With pictures left out, output word for word the lines from the one containing "Perfect Fit Katzenfutter" through the end of the material below.

-- Data provided --
↓

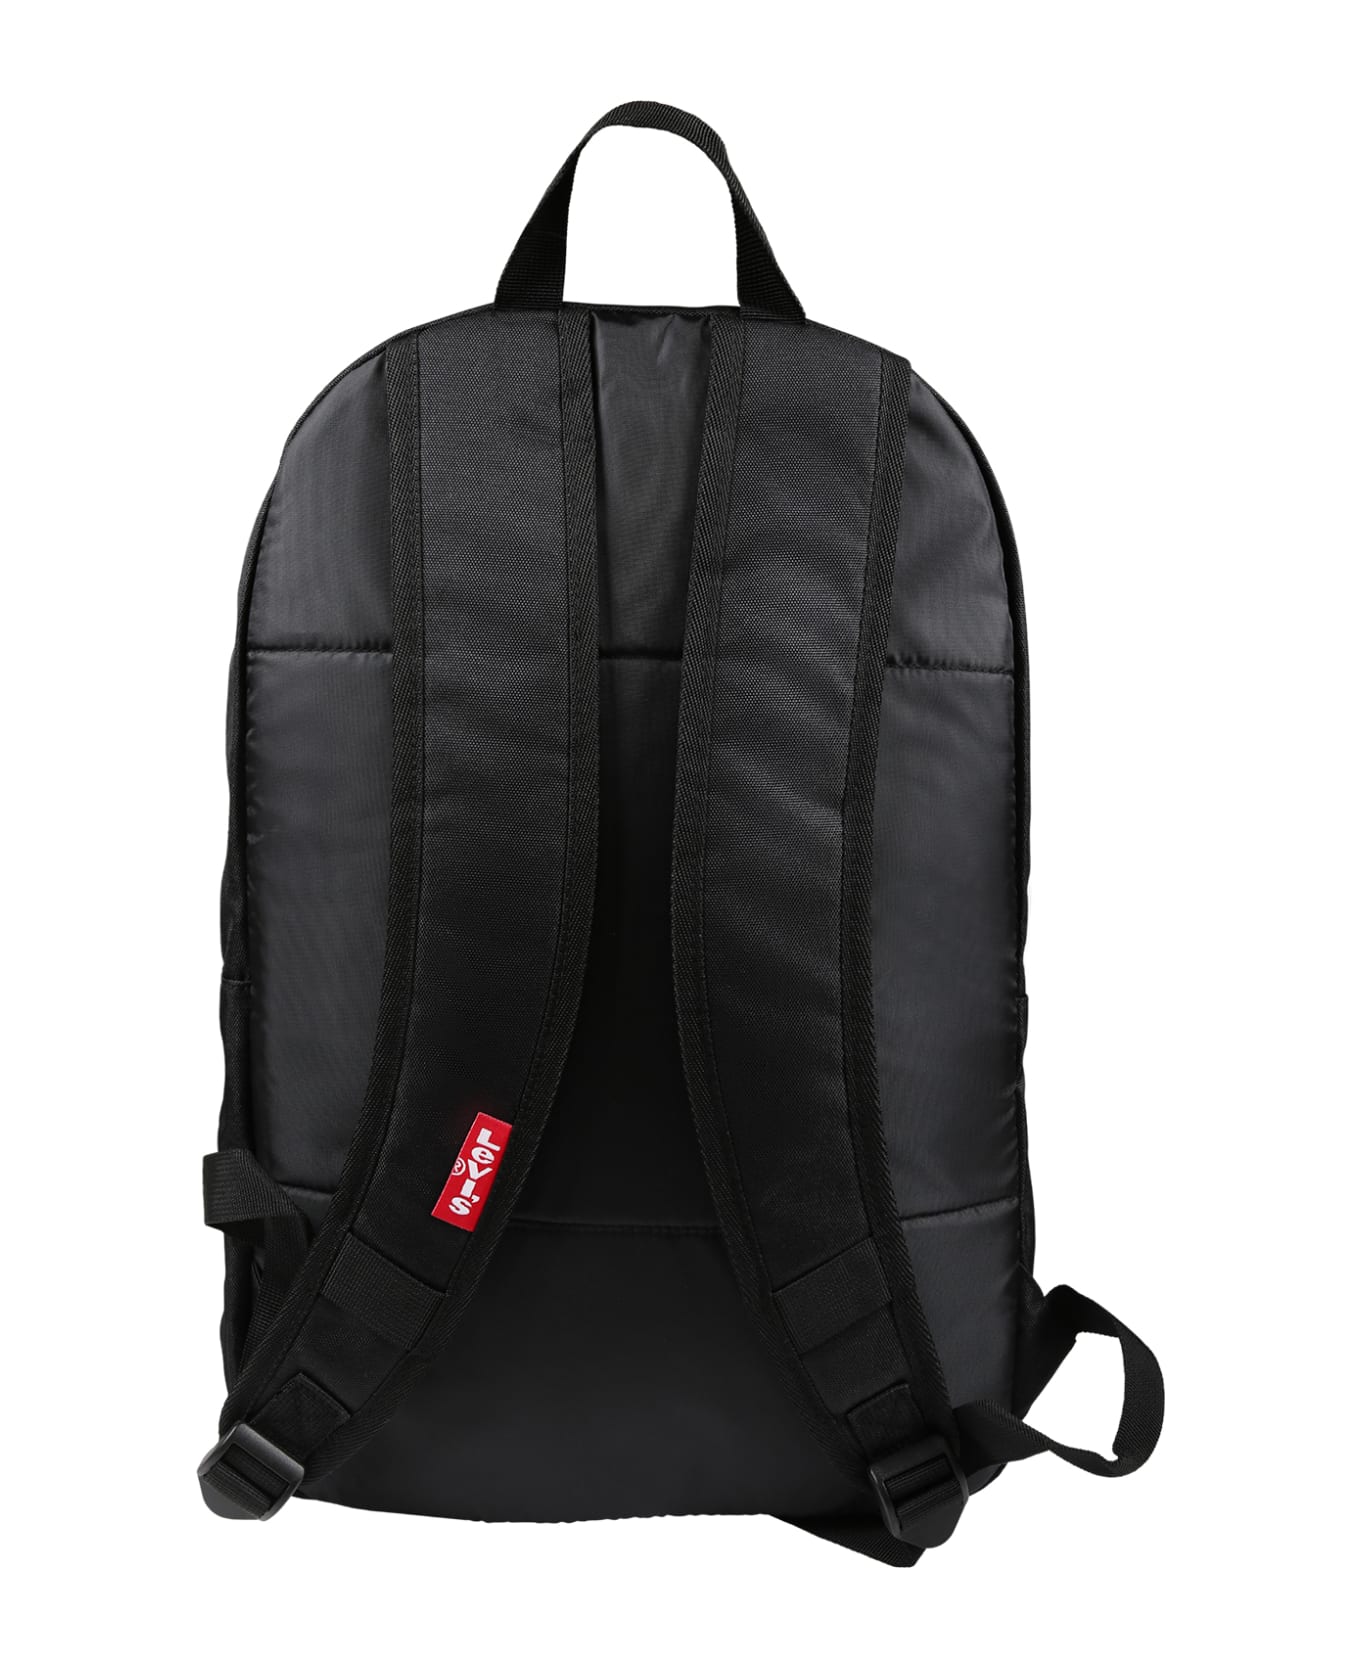 Levi's Black Backpack For Kids - Black
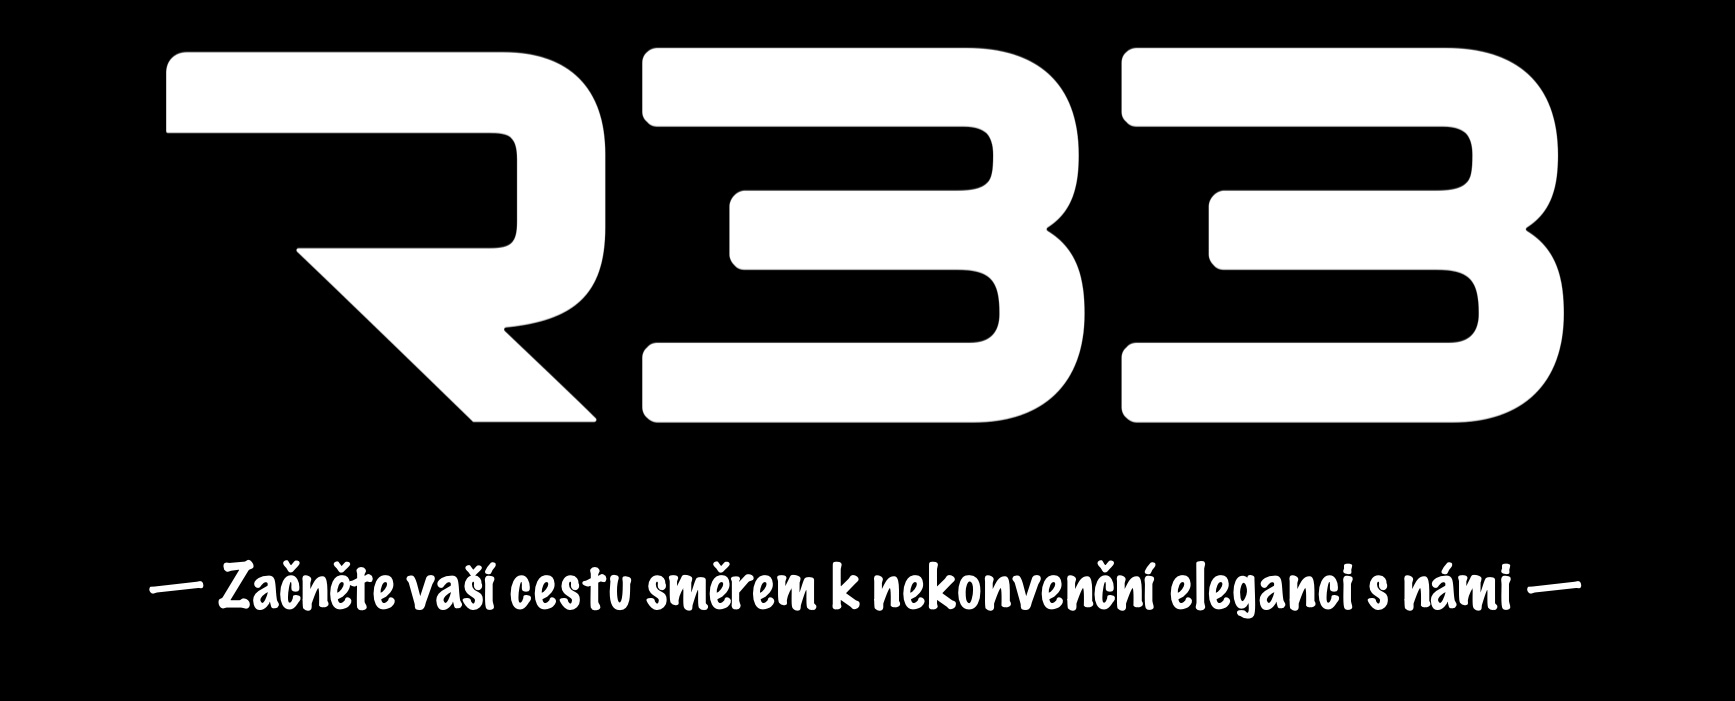 R33
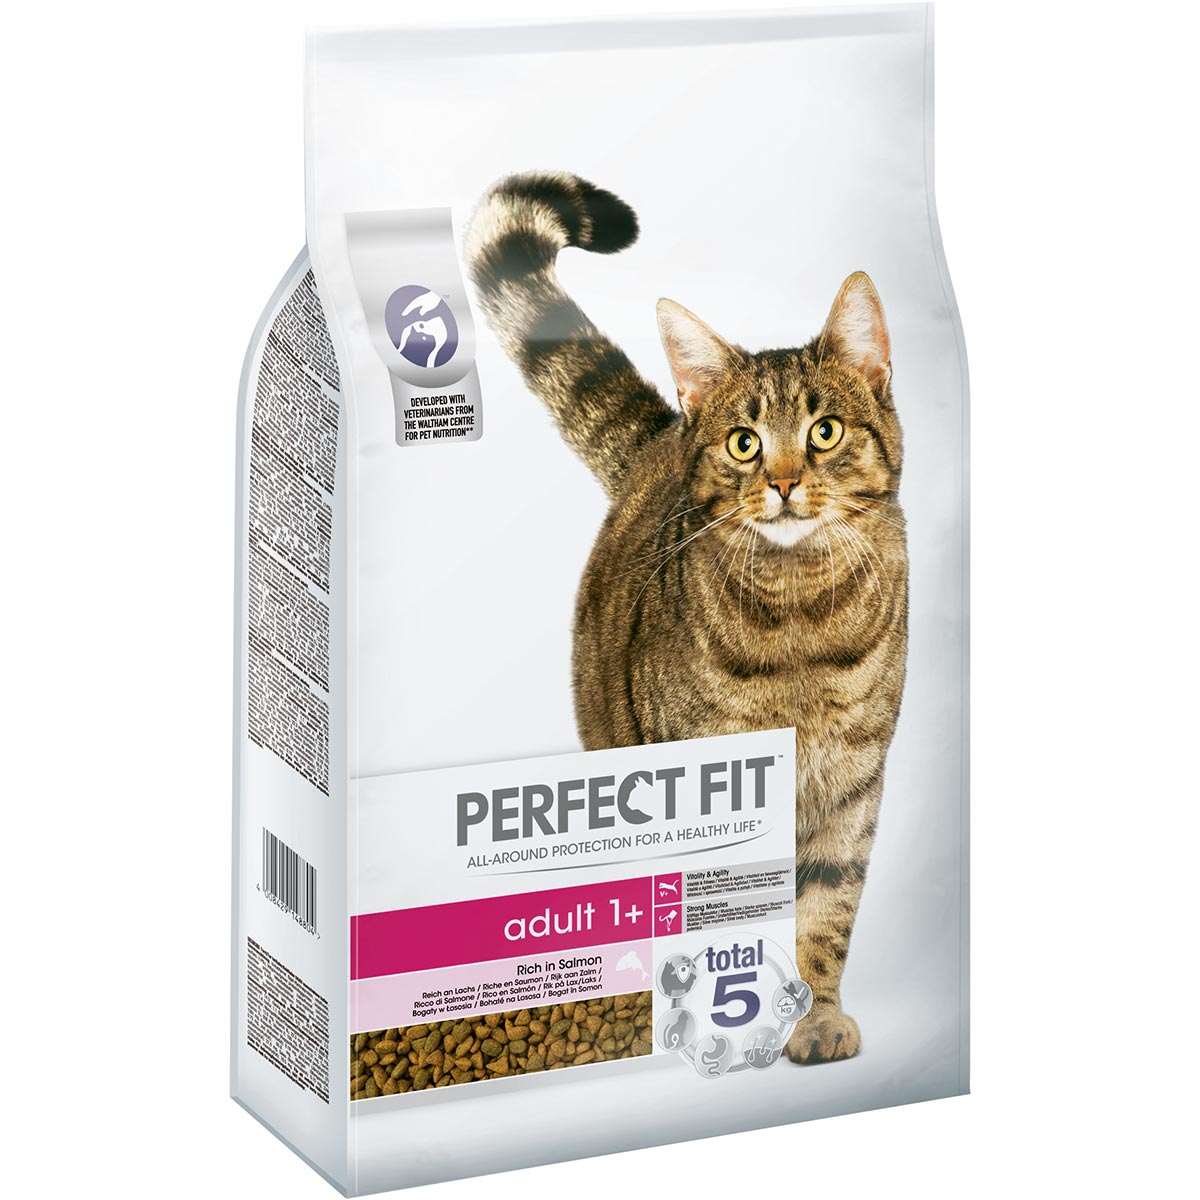 Perfect Fit Katzenfutter Adult 1+ reich an Lachs 7kg
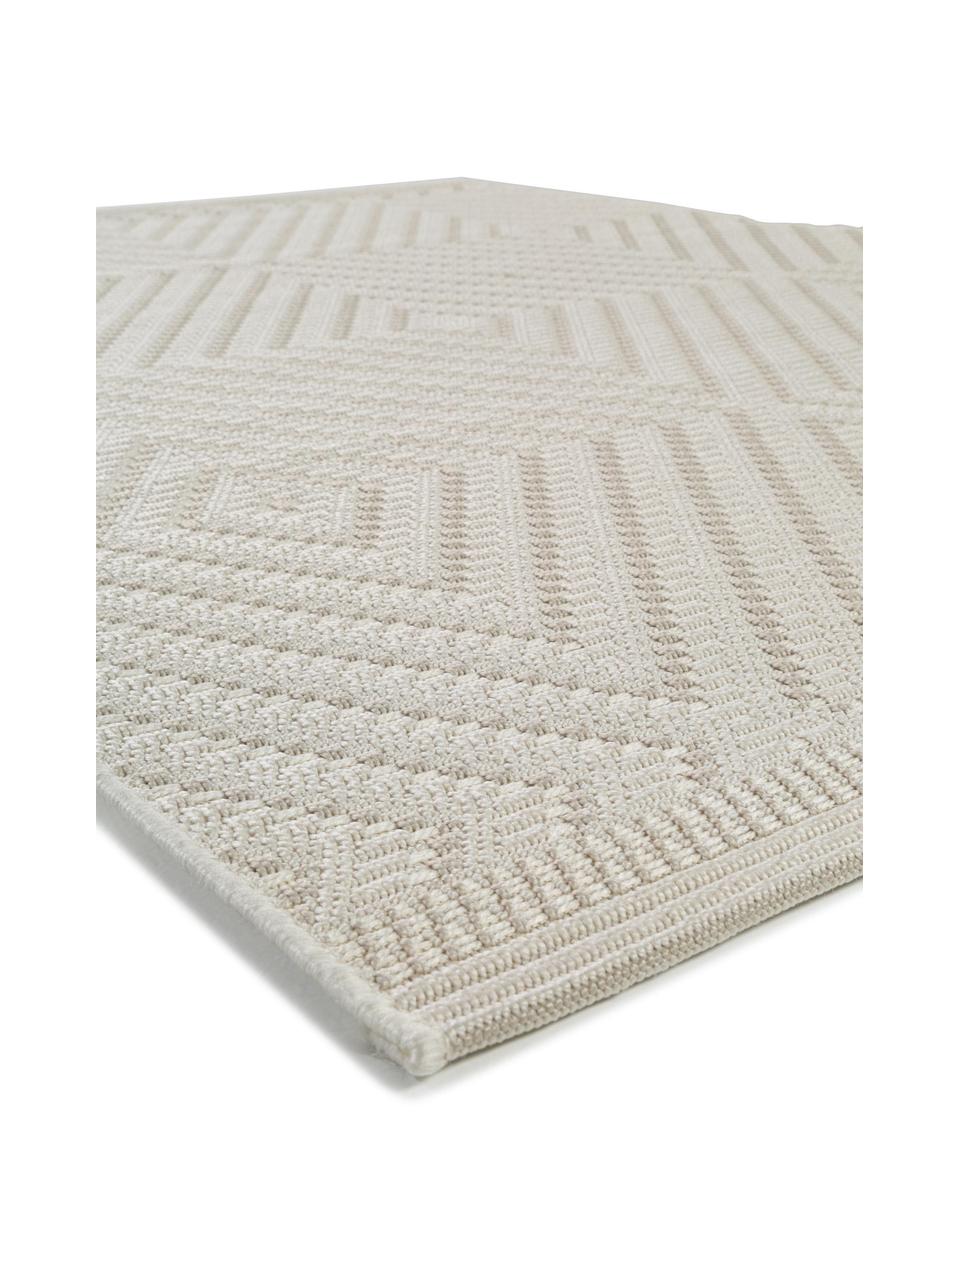 Interiérový/exteriérový koberec Naoto, 100 % polypropylen, Tlumeně bílá, světle béžová, Š 140 cm, D 200 cm (velikost S)

↑

-- Worked solution --
 Perfect Fit Katzenfutter Adult 1+ reich an Lachs 7kg
 Interiérový/exteriérový koberec Naoto, 100 % polypropylen, Tlumeně bílá, světle béžová, Š 140 cm, D 200 cm (velikost S)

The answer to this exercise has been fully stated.